Computer program based on statistics
By Ryan Oliver, Los Angeles Daily News
The Los Angeles Police Department has allocated $80,000 to develop a computer program that officials hope will use crime statistics and socioeconomic data to forecast crime before it occurs.
Commanders say they could use the forecast to deploy resources and take other precautions before a crime wave actually hits.
“There is nothing really serious like this that has been done before with any consistency, and certainly nothing on the scale as large at this department,” said LAPD Assistant Chief George Gascon, who is spearheading the project. “To that extent, we’re excited to be on the frontier of a new way of police work.”
Gascon said such a system may sound ambitious but the project is realistic and could be online within a few years.
The LAPD has already adopted the Compstat program that Chief William Bratton developed when he headed the New York Police Department. Gascon said Compstat could be used as the basis for the new program.
“There is no reason computer forecasting can’t work,” he said. “It’s really nothing more than an analysis of probabilities.”
But one of the nation’s leading experts in the emerging field of geographic crime forecasting said that, despite several attempts, no one has been able to develop a program with the accuracy that the LAPD is hoping for.
“It’s going to be a really blunt tool,” said Wilpen Gorr, a management systems researcher at Carnegie Mellon University in Pittsburgh. “I don’t think it’ll ever get really sharp.”
Gorr recently led two studies funded by $400,000 in federal grants to develop crime-forecasting models for 10-square-block areas of Pittsburgh and Rochester, N.Y. Researchers collected criminal reports, history, trends and 911 calls and studied seasonal variations to form the basis of their data pool.
But when Gorr compared the predictions with real crime numbers, the forecasts were often too far off to be useful.
“I had some expectations you could do these 10-block areas,” he said, “I thought they were ideal. It was really disappointing when we ran our complete data and it didn’t hold up.”
The forecasts were more accurate if plotted on a 20-by-20 block area. But such an area would likely be too large for law enforcement to crack down effectively on any potential hot spots.
Gorr said it’s more difficult to forecast for smaller areas because they have fewer criminal incidents, so the computer has fewer data points to analyze.

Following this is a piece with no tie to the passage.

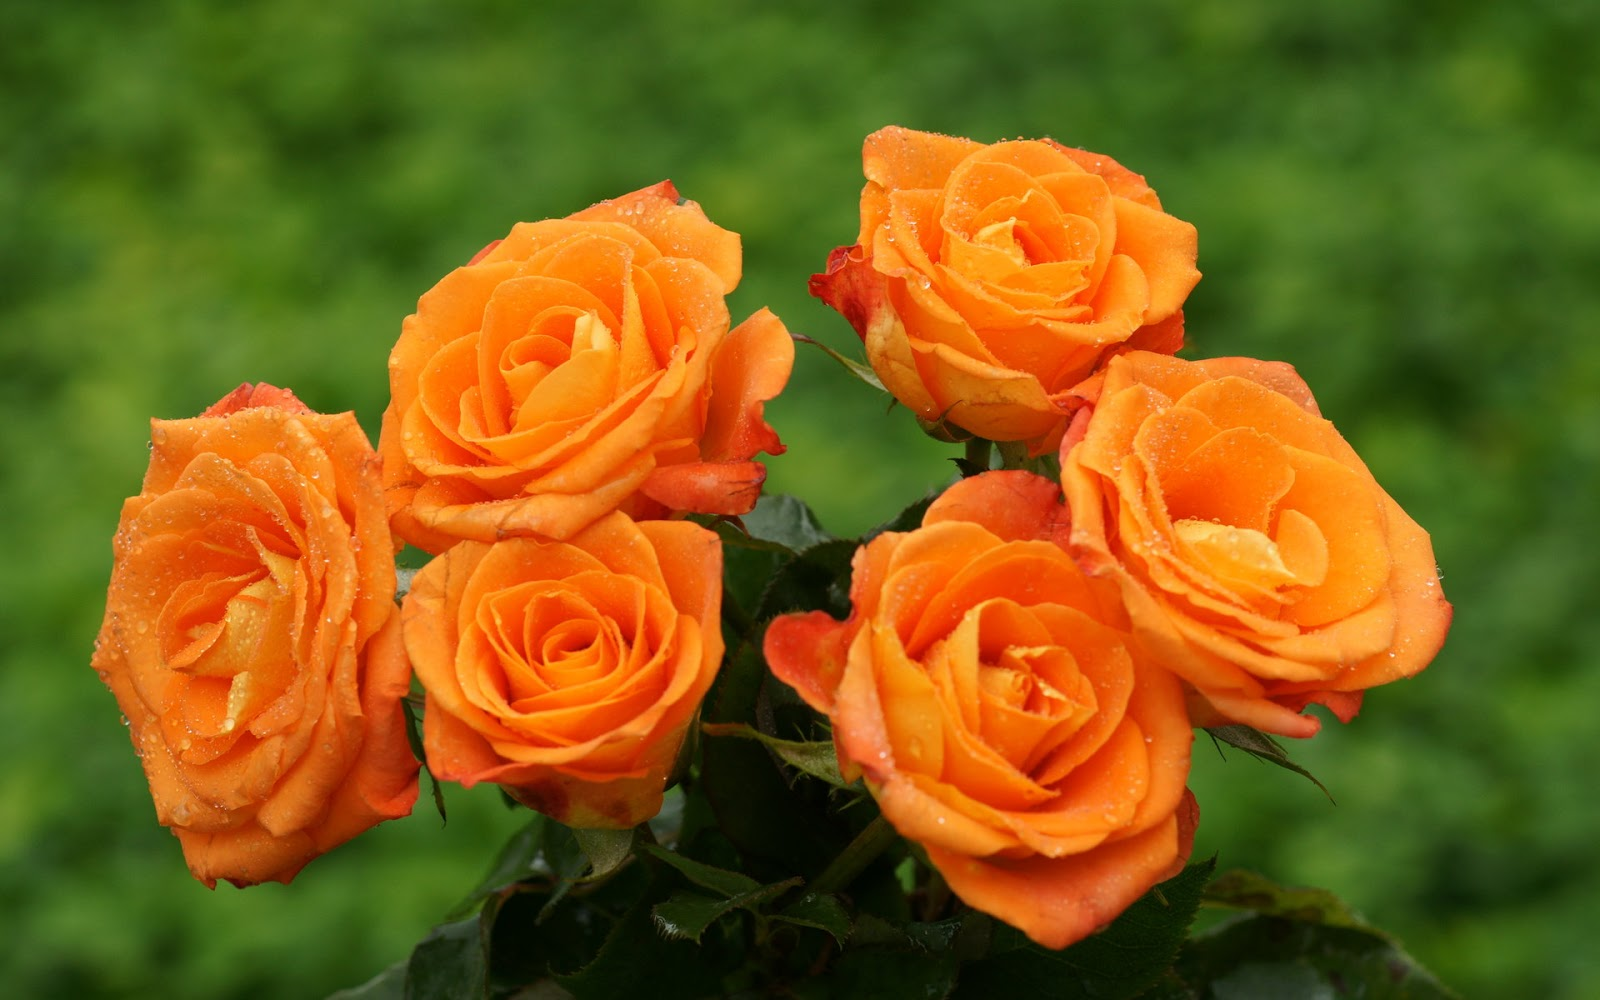 Beautiful roses hd desktop wallpapers in 1080p super hd - Beautiful red roses wallpapers desktop ...

The LAPD’s Gascon remains optimistic about crime forecasting, however, saying the department will devise its own methods that could prove more accurate than Carnegie Mellon’s. But even if it doesn’t, it’s worth the risk, he said.
“We recognize this is experimental work for us, and when you’re trying new things there’s the possibility it won’t work as anticipated,” he said. “I think we have to try it for the Los Angeles experience.”
Gascon also wants the computer program to be able to analyze the backgrounds of suspects to see if their backgrounds and criminal records are similar to those who have gone on to commit violent crimes. The computer would flag that individual and Gascon would like social workers to try to intervene.
Ramona Ripston, executive director of the American Civil Liberties Union of Southern California, said the department needs to be careful to keep the data confidential and remain realistic about the limitations of criminal profiling.
“We all know from the past that profiling can be inaccurate,” Ripston said. “Something like this has to be watched ... and we will be following this.”